Not only is the movie funny, but all the characters have such real characteristics. His middle teenage daughter really thinks she's in love and she won't back down. His older daughter really wants to learn how to drive. His parents really want him to find a woman to get over the death of his wife. To write excellent characters, they almost have to be exaggerated versions of real people. If you want a character to be crazy, make them absolutely insane. If you want a person to be shy, make them like a tortoise. Somehow, it all comes out feeling so much more real and funny and emotional. This movie was funny without being stupid Steve Carrell funny. There's one point when he gets pulled over and says to the police officer "put it on my tab", and that's where I think a little of Michael from The Office comes out. I really wish the movie poster didn't look like this, because when I first saw it I was completely turned off by the movie. The poster makes it look like you're in for a 2 hour ride at the circus, but Dan In Real Life is such the opposite. In a way it's quite sad. You have to live through the pain that Dan lives with every day, and that makes the happy parts so much more happy. You're going through this dark tunnel and then something good happens very briefly. Then it's back down and Dan's depressed again, and you're right there with him.
Maybe what strikes me the most about this movie is how happy and united his family feels. It reminds me a lot of the Reimer's house in Arrowhead where all the family gets together and doesn't do anything work related. Everyone is there for the purpose of enjoying themselves and doing family things. Also, no one holds in what they really want to say. They lay everything out on the table. It's so nice to see a functional, happy, American family in the movies because it's so rare.
I loved this movie so much that I stayed up until midnight to watch the extra bonus features on the DVD. I saw the making of and the story behind the music. In "the making of", it talks about how the whole cast moved into this house off the coast of Maine where they filmed to just bond and get to know each other. They rehearsed, of course, but during that week they cooked and ate all their meals together, shared their rooms with one another, and became a real family. When it came time to shoot, Steve Carrell moved in and he immediately felt at home with the whole cast. The filming of this all looked so harmonious. They said that they had their long and tiring days, but that overall it was such a great experience to make.
In the story behind the music feature, they talk about the musician named Sondre Lerche who would come on set and play for the cast in between takes. The music will just blow you away with the simplicity. It's so spare and so real. This movie really is about real life without being boring at all.
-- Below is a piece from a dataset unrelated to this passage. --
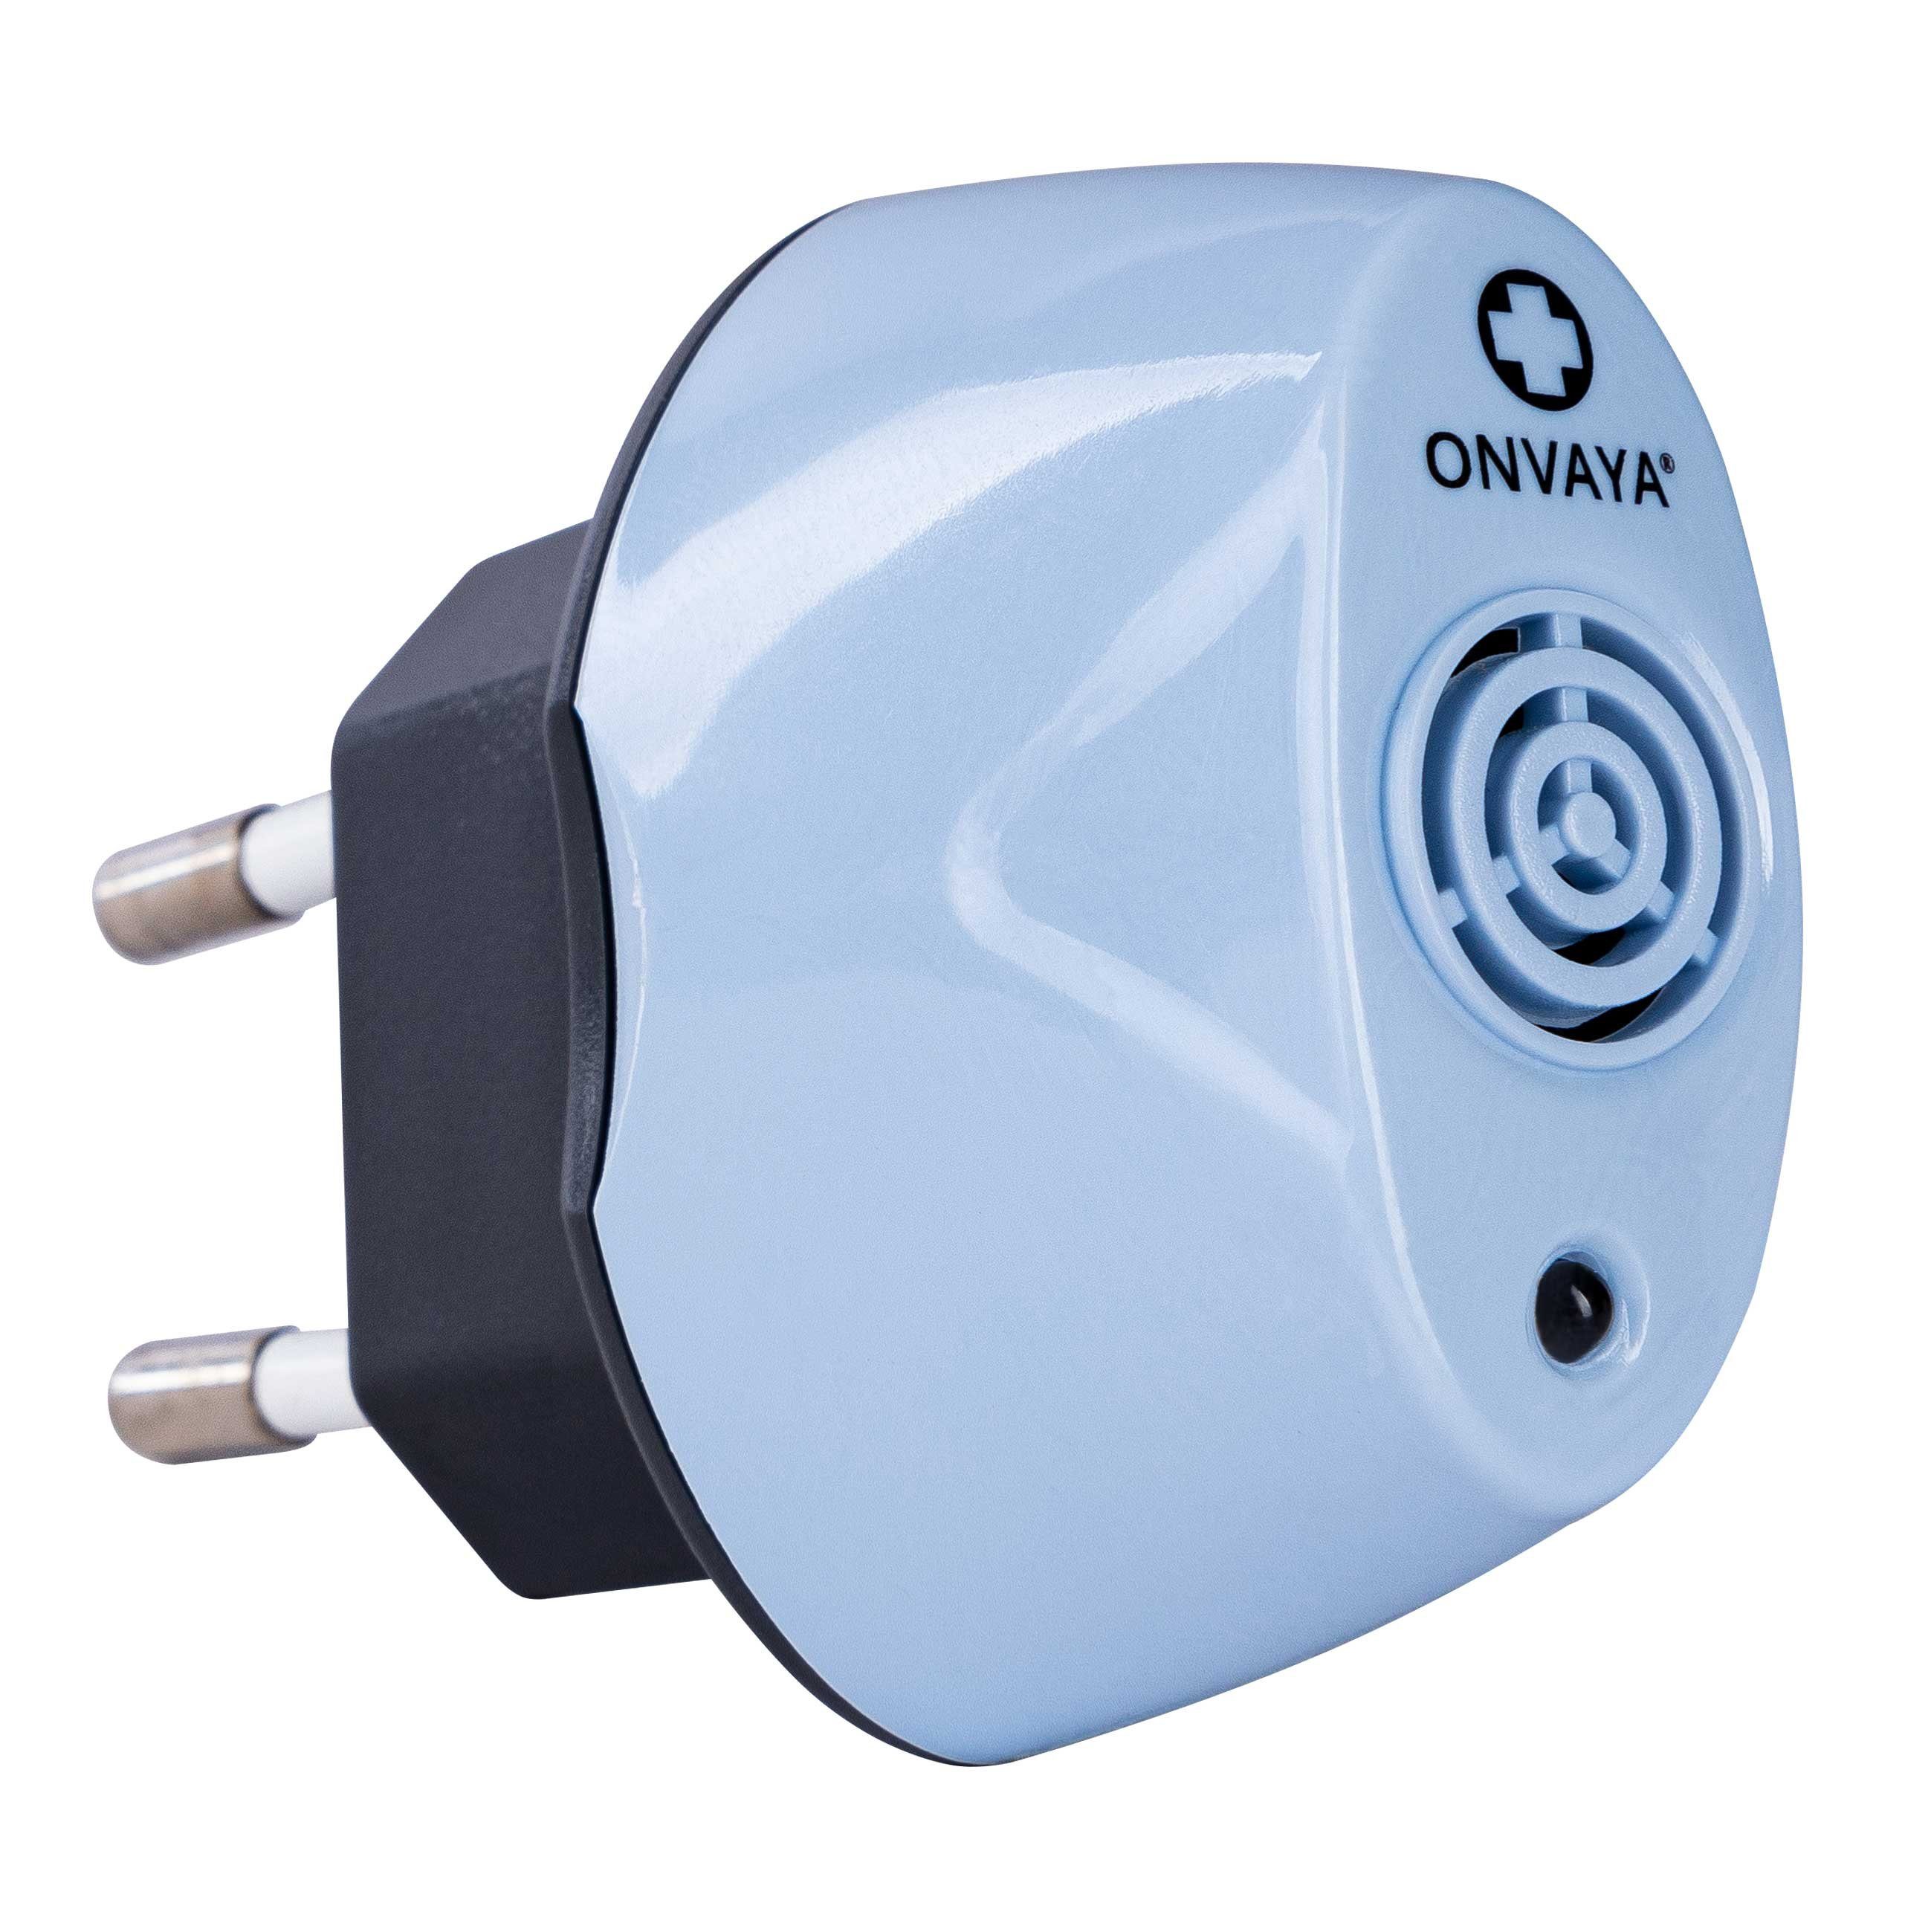 ONVAYA Ultraschall-Milbencontroller Ultraschall Milbencontroller, Mittel gegen Milben, ohne Chemie 1er Set - Blau

It's one of those stories about an instance that could have gone a completely different direction if the character had done just one thing differently. If Dan had come out with the fact that he was already in love with Juliette Binoche, the whole experience would have been different. No one would have gotten hurt and Dan wouldn't have had to go to court for all his speeding tickets. But then no characters would grow, and the movie wouldn't have been made would it?